Para entender el origen de esta fiesta, tan popular en España y que canarios y andaluces se encargaron de trasplantar a Cuba, hay que remontarse a los tiempos del emperador romano Constantino (siglo IV d.C.). La tradición nos cuenta que el emperador –no cristiano- tuvo una visión en la que aparecía una cruz y sobre ella unas palabras en latín: “In hoc signo vincis”, o sea, “Con este signo vencerás”. Constantino mandó que se hiciera una cruz y puso al ejército bajo su protección, con lo que logró triunfar sobre sus enemigos. Se hizo bautizar en la fe cristiana y envió a su madre, Santa Elena, a Jerusalén en busca de la verdadera cruz de Cristo. Ella encontró tres cruces en donde la tradición situaba el lugar del suplicio de Cristo e hizo colocar cada una de las cruces sobre el cadáver de un joven. Al colocar la tercera de las cruces el joven resucitó y Santa Elena rogó a su hijo que se conmemorara el 3 de mayo como el día en que fue encontrada la cruz de Cristo.
Por otra parte, y a la hora de establecer los orígenes de la celebración popular de la Cruz, hay que referirse necesariamente a las fiestas paganas que se celebraban desde muy antiguo en el mes de mayo. Desde los tiempos del renacimiento se comenzó a relacionarlas, entre otras, con la fiesta romana de las Floralias en honor a la diosa Flora, que representaba el eterno renacer de la primavera y que se celebraba precisamente del 28 de abril al 3 de mayo.

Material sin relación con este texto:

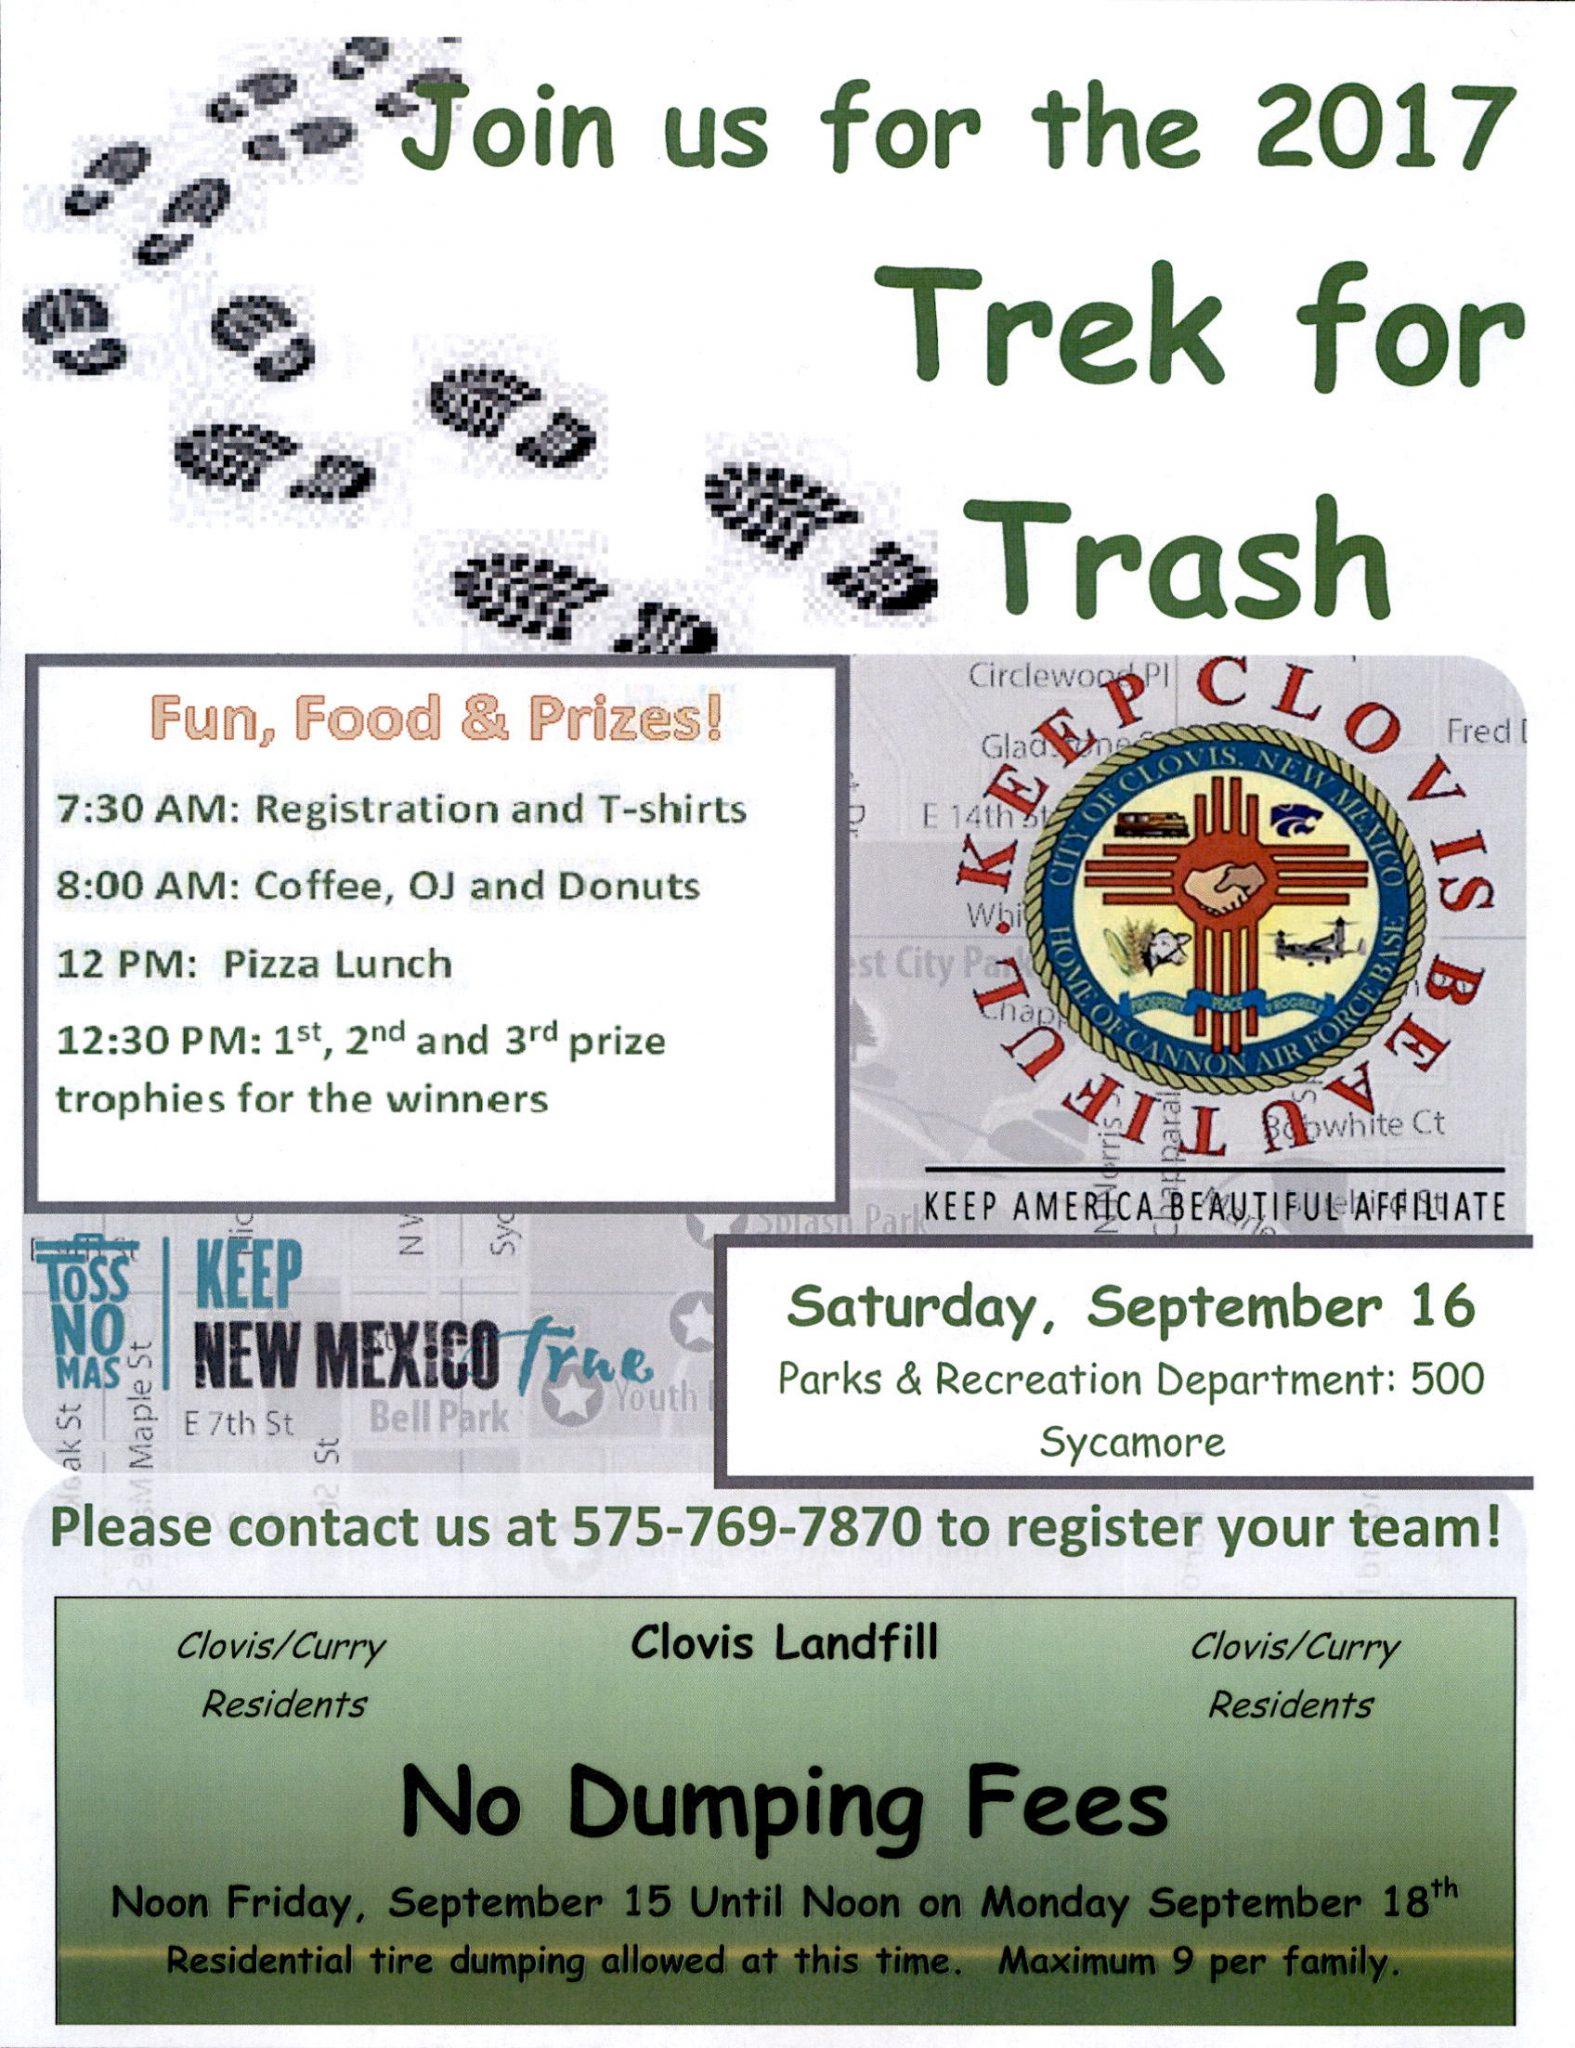 New mexico curry county clovis - Trek For Trash Saturday September 16

La Iglesia no demoró en eliminar antiguas prácticas paganas, escandalosas y contrarias a su moral. Así, estas fiestas naturalistas de mayo se fueron transformando y agrupando en torno a un nuevo motivo: la Cruz, que pasó a ser el centro de las fiestas y que se colocaba sobre un altar, en la calle o en el interior de una casa, adornada con flores, plantas, pañuelos, colchas, cuadros, candelabros, etc. A su alrededor se practicaban bailes típicos, se realizaban juegos y se entonaban coplas alusivas.
El paso de la celebración pagana a la religiosa, popular en ambos casos, fue favorecido por el culto litúrgico a la Cruz y la leyenda sobre el descubrimiento de la auténtica cruz de Cristo. Así, las fiestas populares fueron teniendo un sentido religioso con la adoración de la Cruz, pero sin abandonar los elementos profanos constituidos por bailes, música y degustación de alimentos.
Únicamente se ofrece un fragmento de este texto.